Three HCR Scholars Present Research in Taipei

8 April 2024

Two professors and a graduate student from the Department of History, Classics, and Religion - together representing all three disciplines within the department - recently presented their research at a major international conference in Taipei, Taiwan. 

The conference, "Spaces of Familiarity, Spaces of Difference in the Mediterranean," held March 18-19, was hosted by the Institute of History and Philology at Academia Sinica, Taiwan's national research institute. Over seventy researchers from North and South America, North Africa, Europe, Australia, East Asia, and Southeast Asia gathered in Taipei for this landmark event, the first Mediterranean Studies conference of this size to be held in East Asia. 

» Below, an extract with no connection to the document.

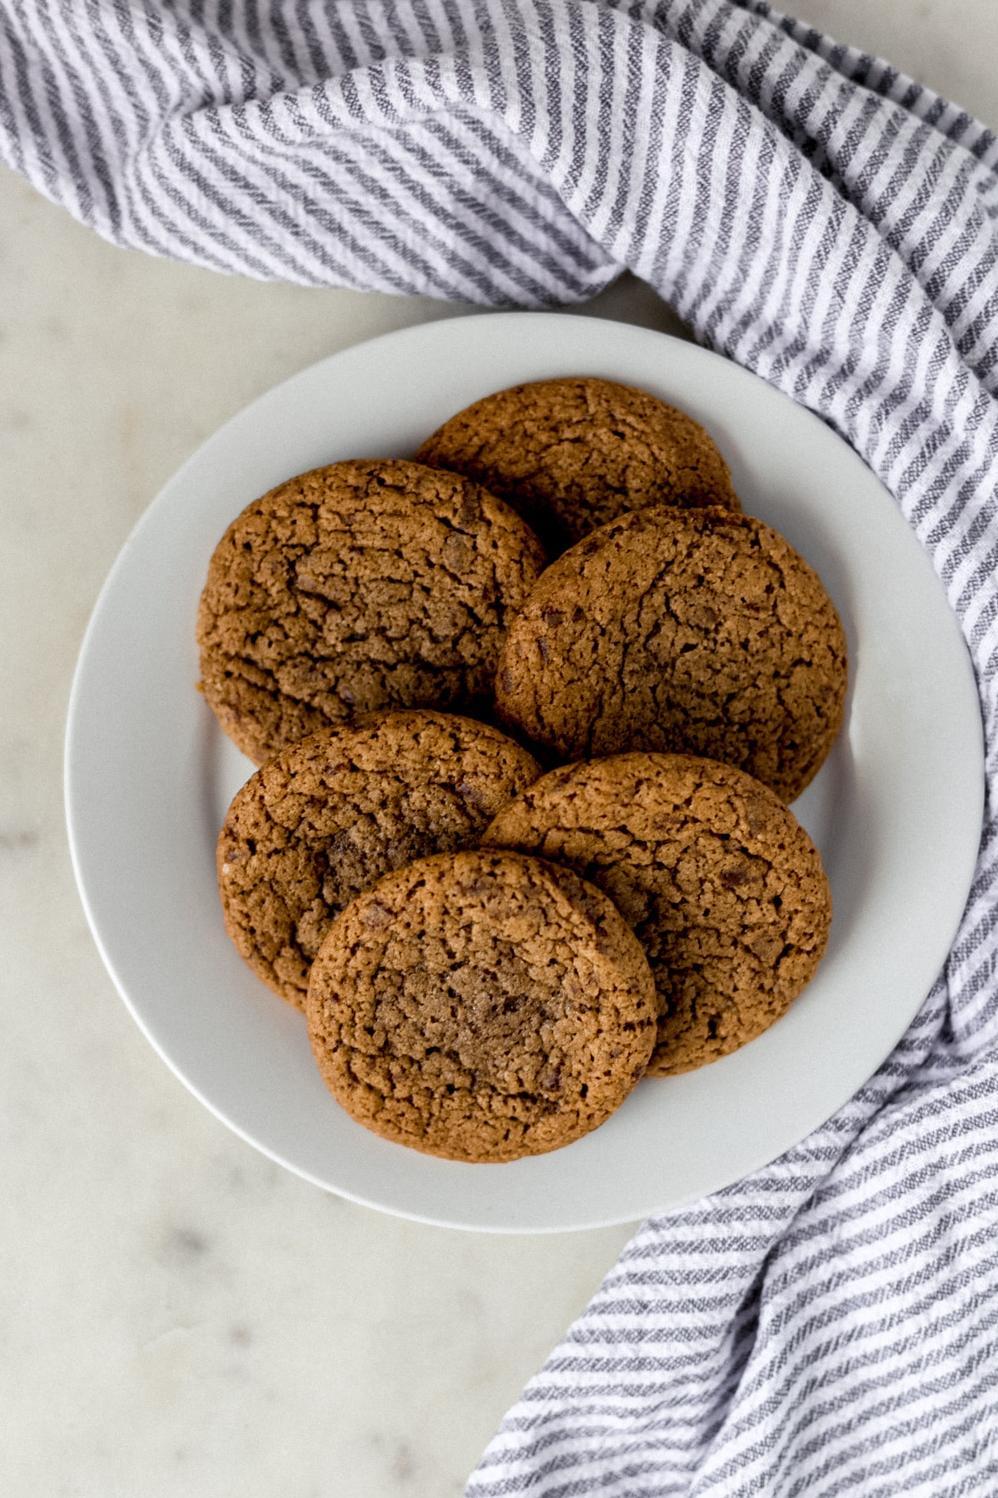  These coffee biscuits will satisfy your sweet and caffeine cravings in one bite.

Craig Harvey, Assistant Professor of Roman Archaeology, presented a paper titled, "Applying the Familiar to the Different: Local Influences on the Heating Systems of Roman-style Baths in the Northeastern Mediterranean." 

Josie Hendrickson, Associate Professor of Islamic Studies, presented "Taqiyya (Precautionary Dissimulation) in the Islamic West." As a Visiting Scholar this term at Academia Sinica's Institute of History and Philology, Hendrickson also served as a co-organizer for the conference.

Arwen Thysse (陳藹文), a doctoral candidate in History, presented "Spontaneous Blackness and Hellish Skins: A Comparative Reading of the Tale of Geirmundr Heljarskinn and Rachel Schine's Study of 'Abd al-Wahhab from the Sirat al-amirah dhat al-himmah."

The participation of all three scholars was supported by generous research grants from the Taiwan Studies Program at the University of Alberta.